New ACO Reg has some zingers
The newly minted ACO regulation from Medicare has some zingers hidden in its 696 pages. Okay, to be fair, the actual regulation is only 70 pages long, double spaced. The rest is all preamble, where CMS describes the 1200 comments on the proposed rule, and how they have responded (or not) in the final rule.
The first zinger has to do with the Physician Quality Reporting System, known to its friends as PQRS. Since 2007, CMS has paid a bonus to physicians who report quality data. Under current rules, CMS will pay physicians ½% of allowed charges from 2012 through 2014. BUT, docs in an ACO will only be able to participate in the PQRS through the ACO. The ACO will report as if it were a group practice. If the ACO fails to report in compliance with the PQRS rules, its docs won’t get the PQRS bonus. This could be an issue in recruiting doctors who may not see a clear advantage to the ACO to begin with, given all the other requirements.
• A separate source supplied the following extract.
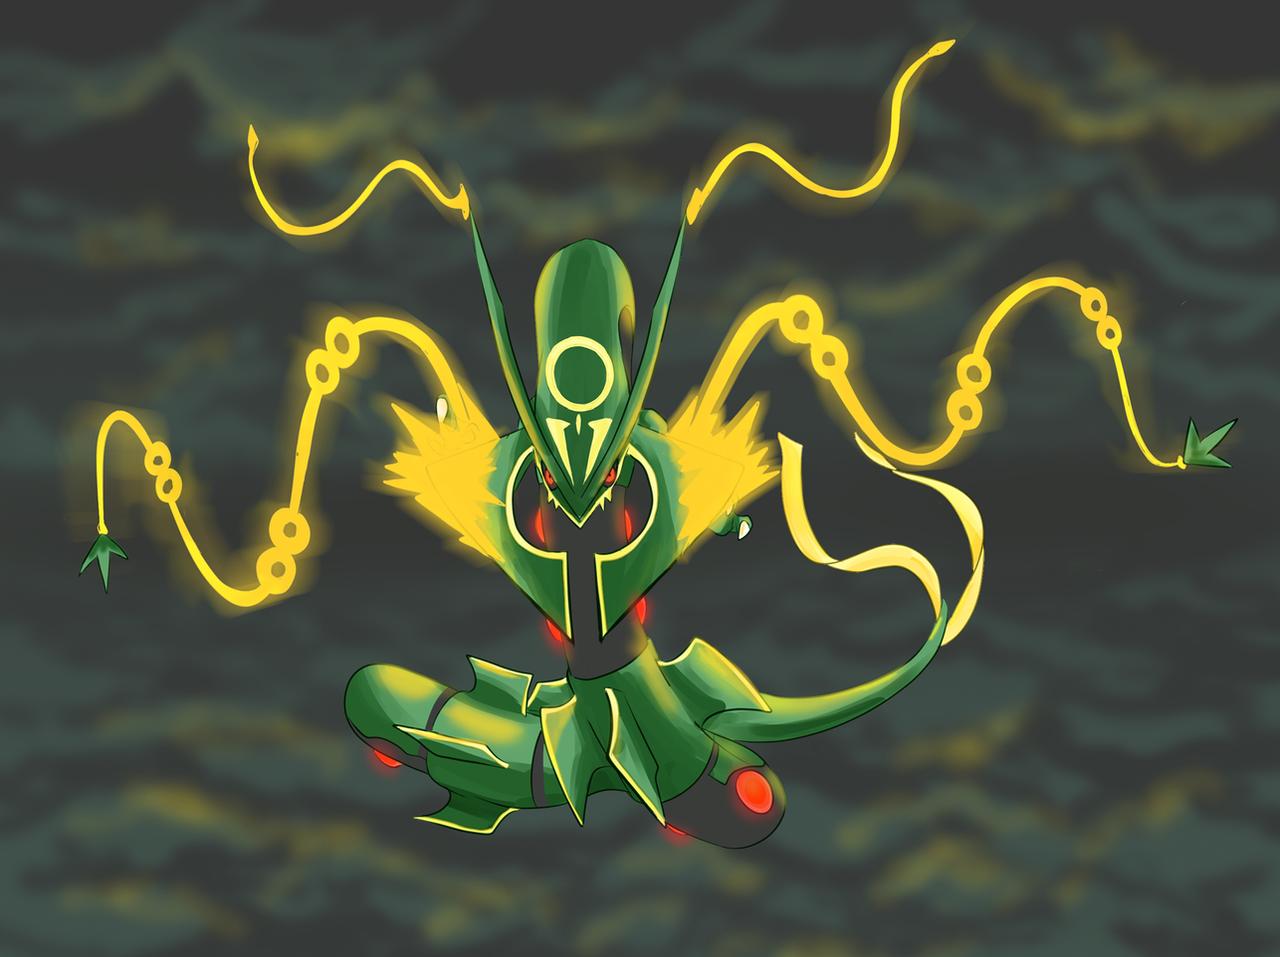 Mega Rayquaza by shinyscyther on DeviantArt

A second zinger is the approach to risk adjustment. CMS has agreed to use the Medicare Advantage HCC risk adjuster for newly assigned beneficiaries. They won’t use HCCs for continuing beneficiaries — people who were assigned to the ACO last year. HCCs are based on diagnosis codes on last year’s claims. CMS reasons that an ACO would improve coding accuracy in year one, to get the best risk adjustment they could for continuing beneficiaries in year 2. So only new-to-the-ACO beneficiaries will get risk adjusted for higher HCC scores. BUT, if the average HCC score for continuing beneficiaries goes down in year two, then CMS will risk adjust and reduce the benchmark accordingly. The inference is that reduced scores could only reflect reduced average risk. So ACOs that are not diligent in keeping their risk scores up could be docked a chunk of money for apparent losses resulting from poor coding, not from poor care management.